Подсвечники резного стекла, чайная баночка, расписанная розами старинного пышного сорта «глуар дэ дижон», игольная подушечка японского шелка, медный раструб индийской вазы с двумя павлиньими перьями, три сухарницы (круглобокая стеклянная, фарфоровая в цветочек с плетеной ручкой, деревянная вроде бочонка с медными шишечками), шкатулка для рукоделья флорентийской кожи, ножницы-цапельки (концы – клюв, эмалевые кольца – шагающие ноги), миниатюрная бело-синяя чашечка дорогой марки «Споуд», шесть чашек попроще, из «Вулвортс», сахаристо-розовых, с серым отливом, горстка крестильных ложек с фигурками апостолов на ручке, полбуханки хлеба, полбаночки лимонного крема[104], стопка счетов, придавленная гипсовым слепком чьей-то руки, распятие черного дерева с серебром, вязаный берет, пакетик с фильдеперсовыми чулками, пузырек чернил, красные карандаши в банке из-под джема, вербочка и пасхальный крестик из Святой земли…

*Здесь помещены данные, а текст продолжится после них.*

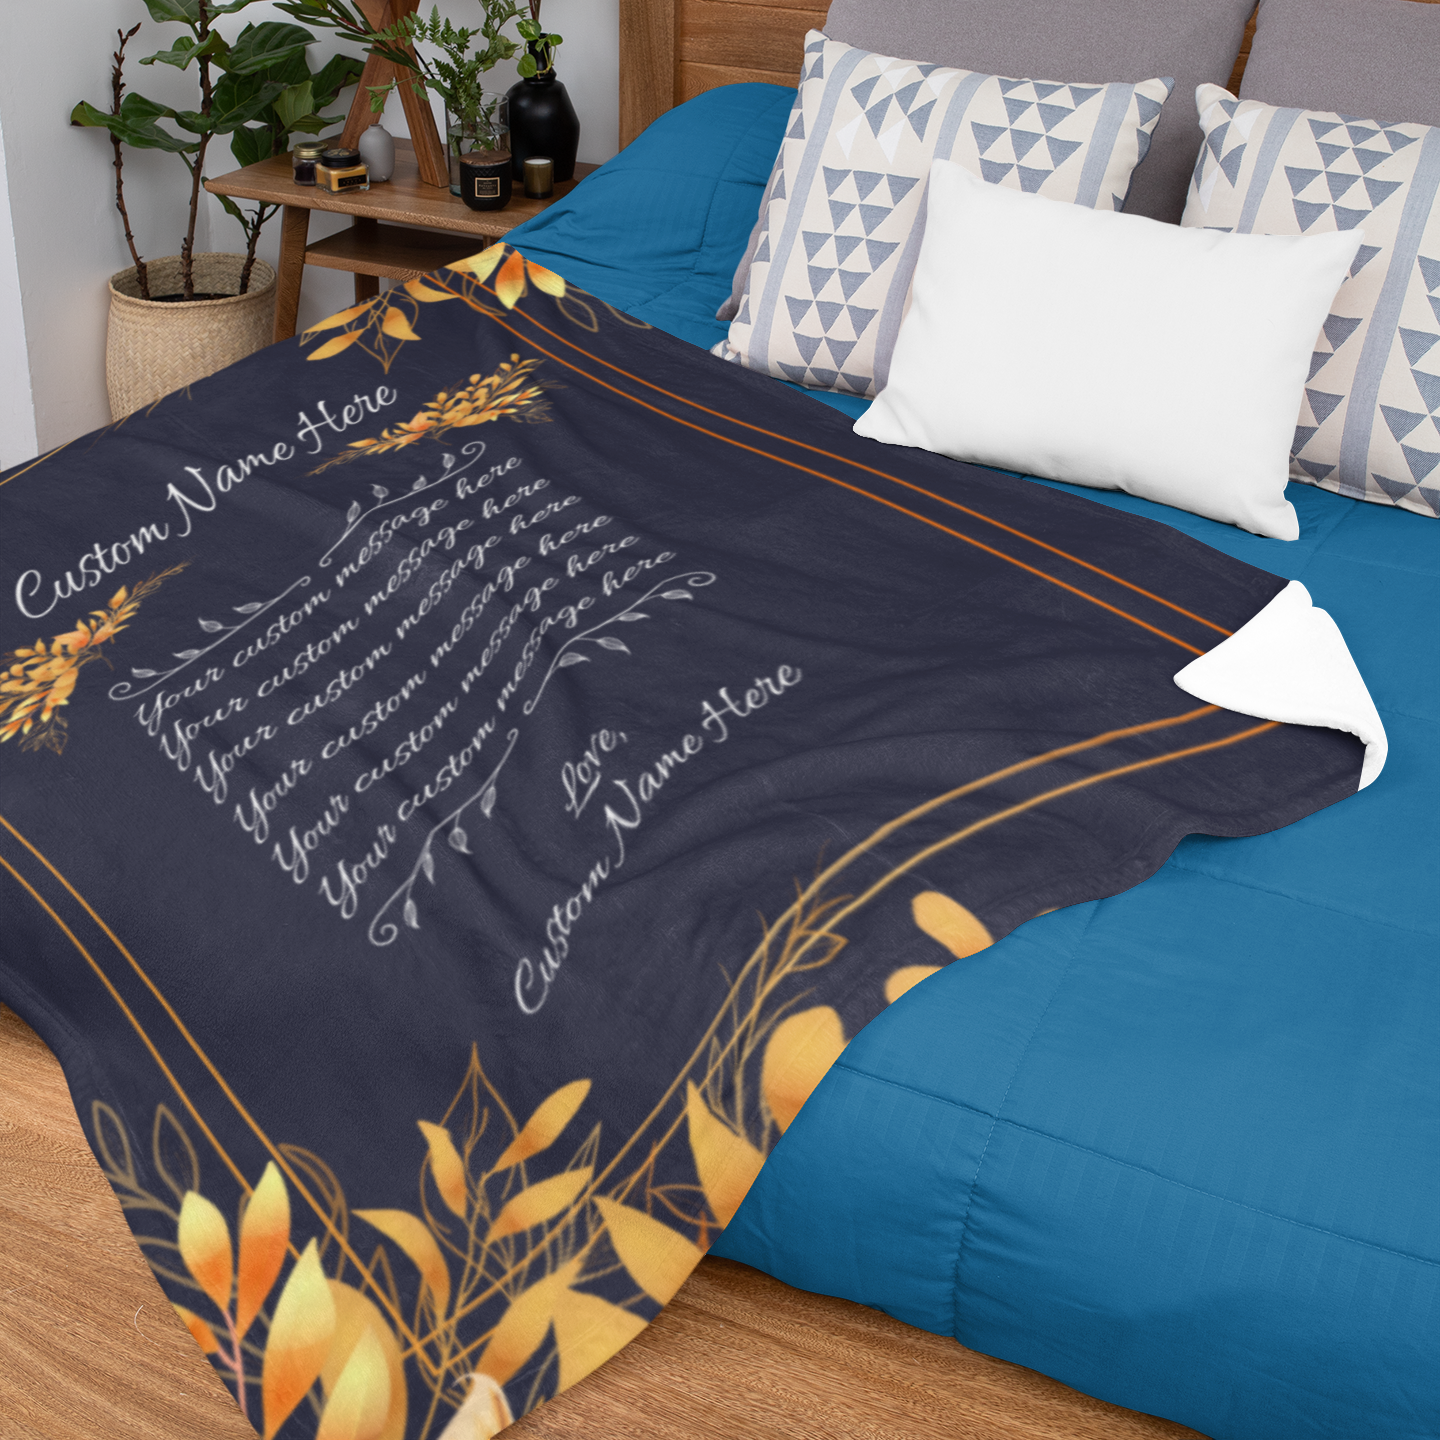 Personalized Note Blanket For Mom: Custom Message Gifts For Mom

Все эти вещи Стефани выучила наизусть. У нее была неприхотливая, всеядная, поместительная память. В детстве она даже Фредерику побивала в игре, когда на подносе раскладывают предметы, накрывают чайным полотенцем, на секунду показывают тебе и снова прячут. И всегда она запоминала не только ложки, ножницы, будильники, шнурки, маргаритки и стеклянных зверьков, но даже и узор на подносе. Перед сном трудно бывало вычистить ненужное, накопившееся за день, – все то, что забивало ей ток мыслей, пестрыми призраками мреяло под веками. Иногда, чтобы уснуть, приходилось вызывать воспоминания одно за другим и стирать, превращая на краткий срок мысленный горизонт в tabula rasa. Но даже и тогда наутро бесконечной лентой плыли разрозненные образы, и каждый требовал быть вспомненным до последней точки.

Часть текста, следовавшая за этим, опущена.